The limitations of the traditional anticoagulants are particularly obvious in pediatrics; hence, the promotion of the new drugs already approved in adults urgent. Yet there is but individual experience in children with the following substances: the pentasaccharides fondaparinux and idraparinux, and the direct thrombin inhibitors hirudin, bivalirudin, argatroban; ximelagatran has been withdrawn from the market because of hepatic toxicity.56,57 

Special conditions

Prophylaxis of CVC occlusion

UFH

Prophylactic UFH seems to significantly decrease CVC-related DVT as well as bacterial colonization of the catheter.58 Heparin-bonded catheters do not reduce clot formation and bacterial colonization beyond 24 hours after CVC insertion.

Thrombolytic agents (urokinase, rt-PA)

Thrombolytic therapy is widely and safely used for the management of occluded catheters. There are only a few studies using thrombolytic agents prophylactically in order to reduce catheter infections and occlusions.

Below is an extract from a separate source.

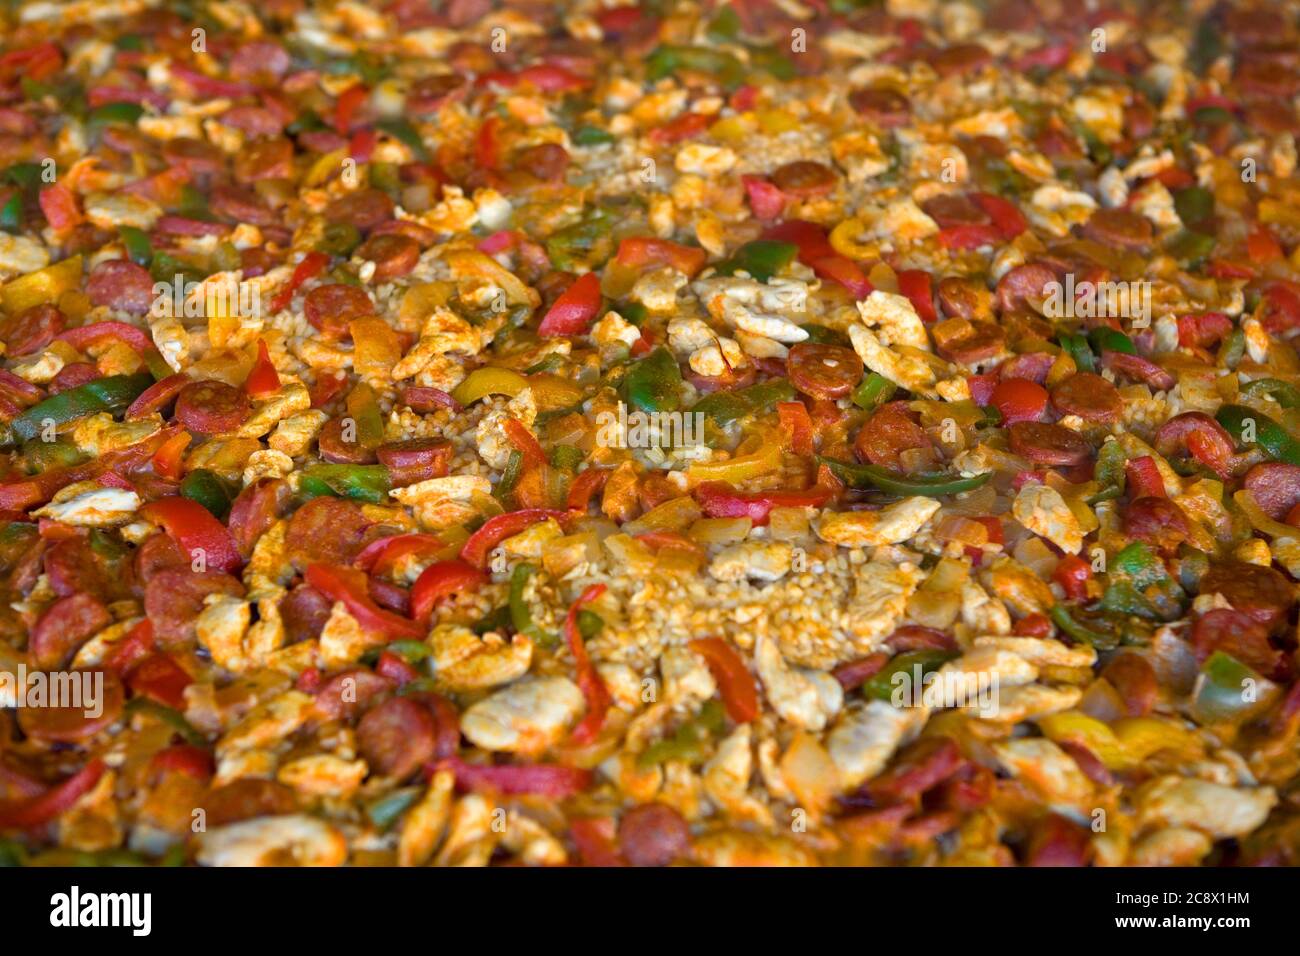 Paella cooking, Chili Fiesta, West Dean, West Sussex, England, UK Stock Photo

Some studies show a substantial benefit of thrombolytic agents over UFH or no prophylaxis58 whereas others get contradictory results.60,61 

LMWH

Prophylactic use of LMWH has been efficient and safe in the treatment and prevention of DVT in children with cancer.62,63,36 However, LMWH to maintain CVC-patency and prevent CVC-related DVT has to remain an individual decision. For the recommended dosage see Table 2 .

Oral anticoagulation with vitamin K-antagonists

There are no data for children on using low-dose oral anticoagulation to prevent CVC-associated DVT and to maintain catheter patency. Considering the heterogeneous pediatric population requiring a CVC with respect to age, thrombogenic risk profile, underlying disease, intensity and duration of treatment, the use of vitamin K–antagonists must remain a decision on a strictly individual base.

The main challenge is to keep the balance of benefit and risk of an antithrombotic treatment, as most children are being treated with chemotherapy with intermittent thrombocytopenia and an unbalanced hemostatic system, both of which lead to potential bleeding complications. It is therefore strongly recommended not to use antithrombotic agents with potentially serious side effects such as thrombolytic agents, UFH or vitamin K antagonists.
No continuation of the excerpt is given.